Stuart_Armstrong comments on Domesticating reduced impact AIs - Less Wrong
You are viewing a comment permalink. View the original post to see all comments and the full post content.
You are viewing a comment permalink. View the original post to see all comments and the full post content.
Comments (104)
Even invalidating a proof doesn't automatically mean the outcome is the opposite of the proof. The key question is whether there's a cognitive search process actively looking for a way to exploit the flaws in a cage. An FAI isn't looking for ways to stop being Friendly, quite the opposite. More to the point, it's not actively looking for a way to make its servers or any other accessed machinery disobey the previously modeled laws of physics in a way that modifies its preferences despite the proof system. Any time you have a system which sets that up as an instrumental goal you must've done the Wrong Thing from an FAI perspective. In other words, there's no super-clever being doing a cognitive search for a way to force an invalidating behavior - that's the key difference.

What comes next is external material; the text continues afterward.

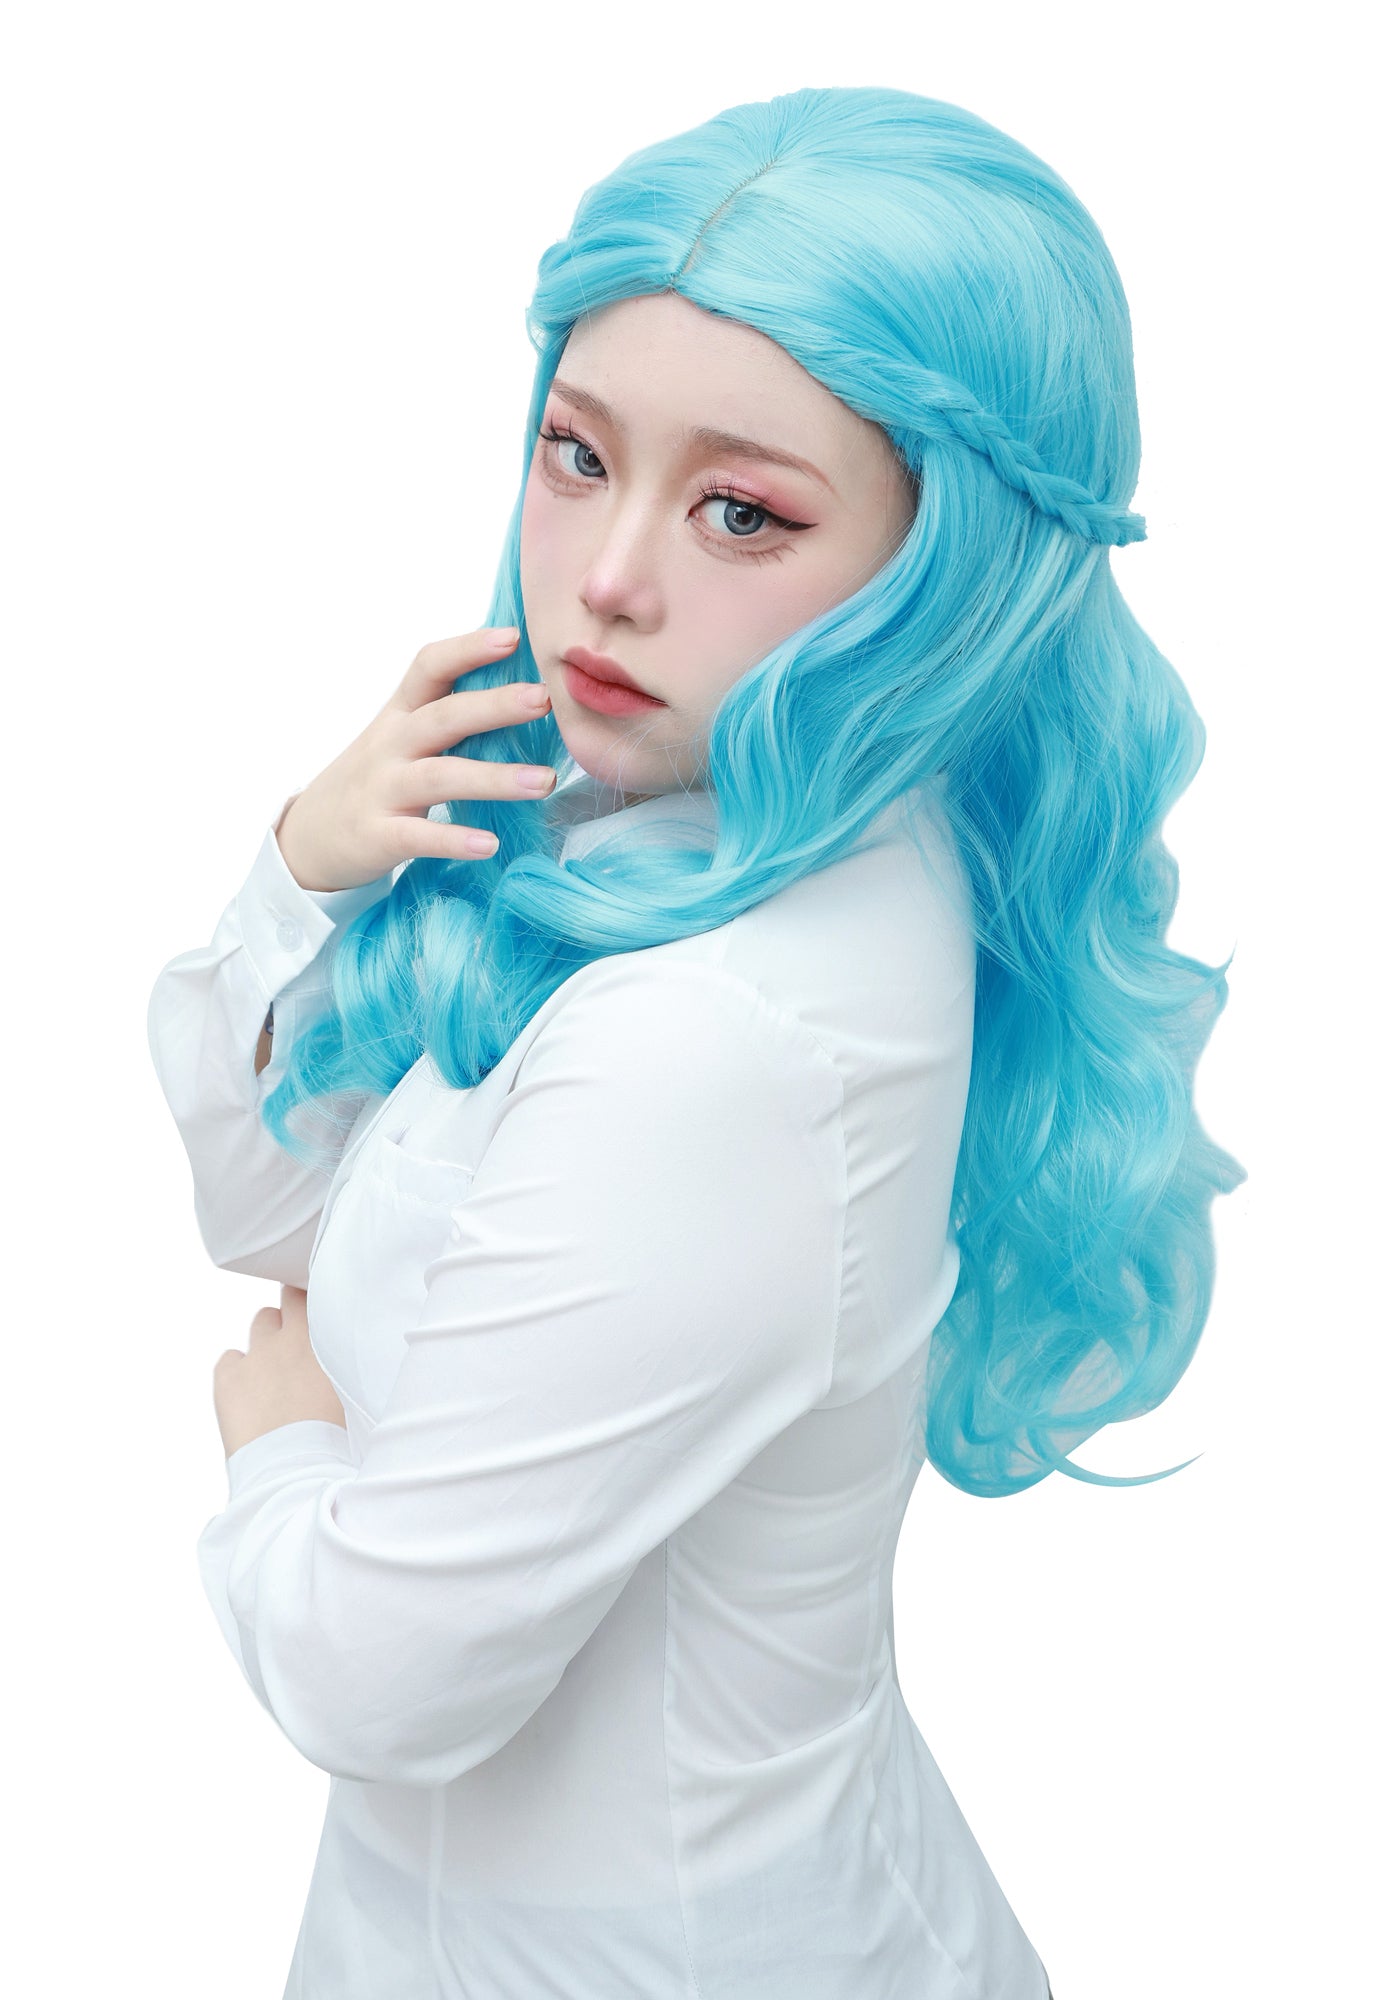 DAZCOS Blue Long Wavy Wig Braid Curly Wave Wig for Adults Kid Halloween Cosplay Costume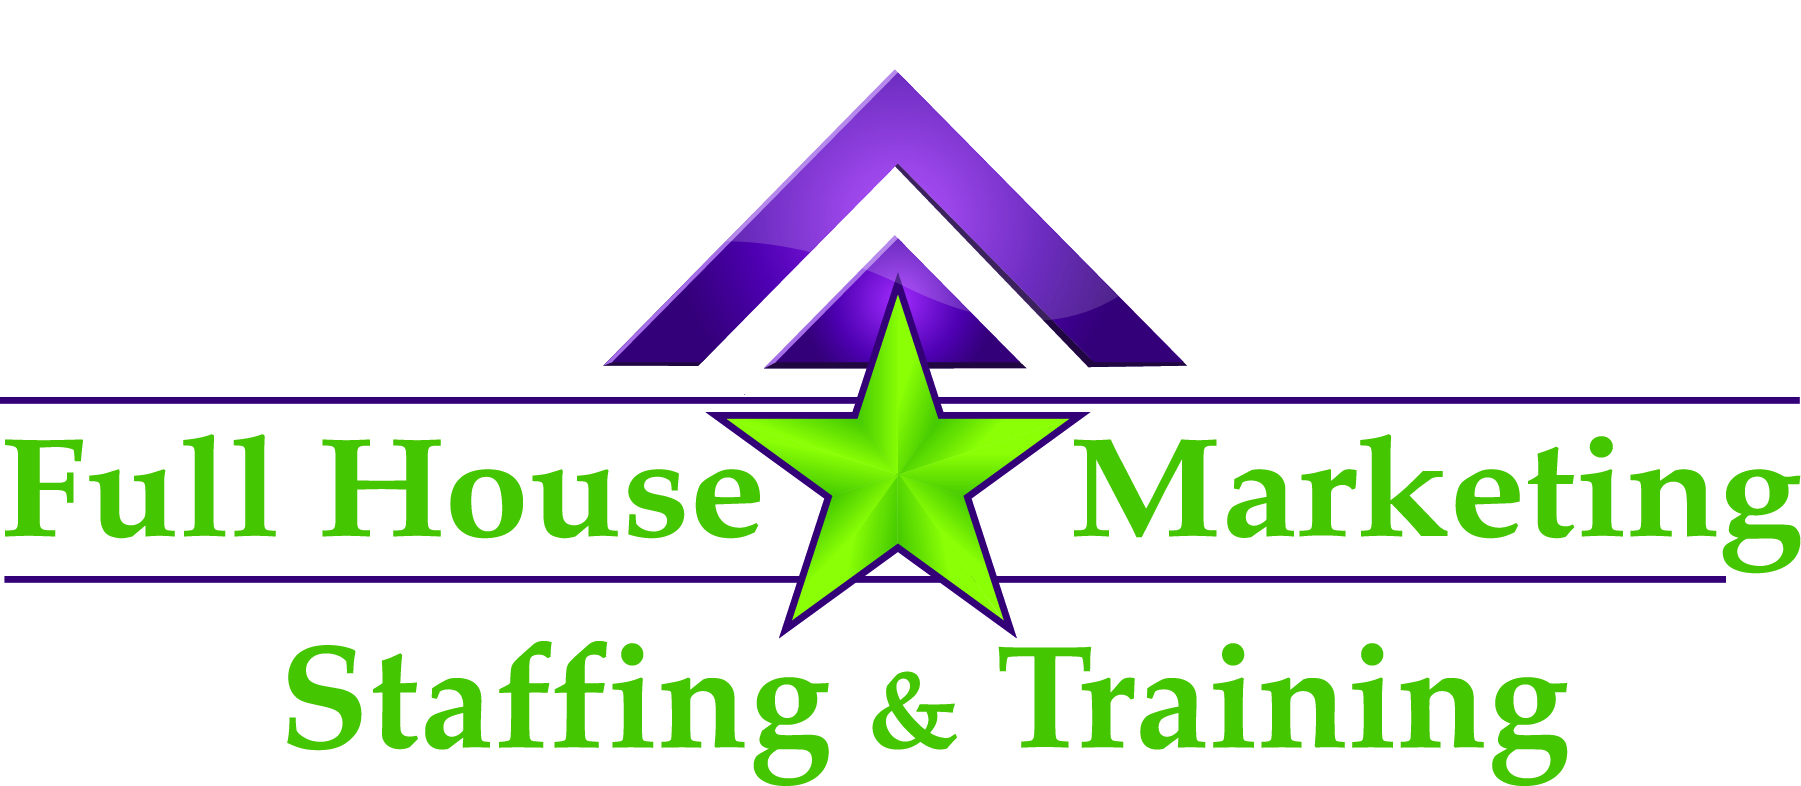 full house marketing logo

The problem is that it's a utility maximiser. If the ontology crises causes the FAI's goals to slide a bit in the wrong direction, it may end up optimising us out of existence (even if "happy humans with worthwhile and exciting lives" is still high in its preference ordering, it might not be at the top).
This is a uniform problem among all AIs. Avoiding it is very hard. That is why such a thing as the discipline of Friendly AI exists in the first place. You do, in fact, have to specify the preference ordering sufficiently well and keep it sufficiently stable.
Stepping down from maximization is also necessary just because actual maximization is undoable, but then that also has to be kept stable (satisficers may become maximizers, etc.) and if there's something above eudaimonia in its preference ordering it might not take very much 'work' to bring it into existence.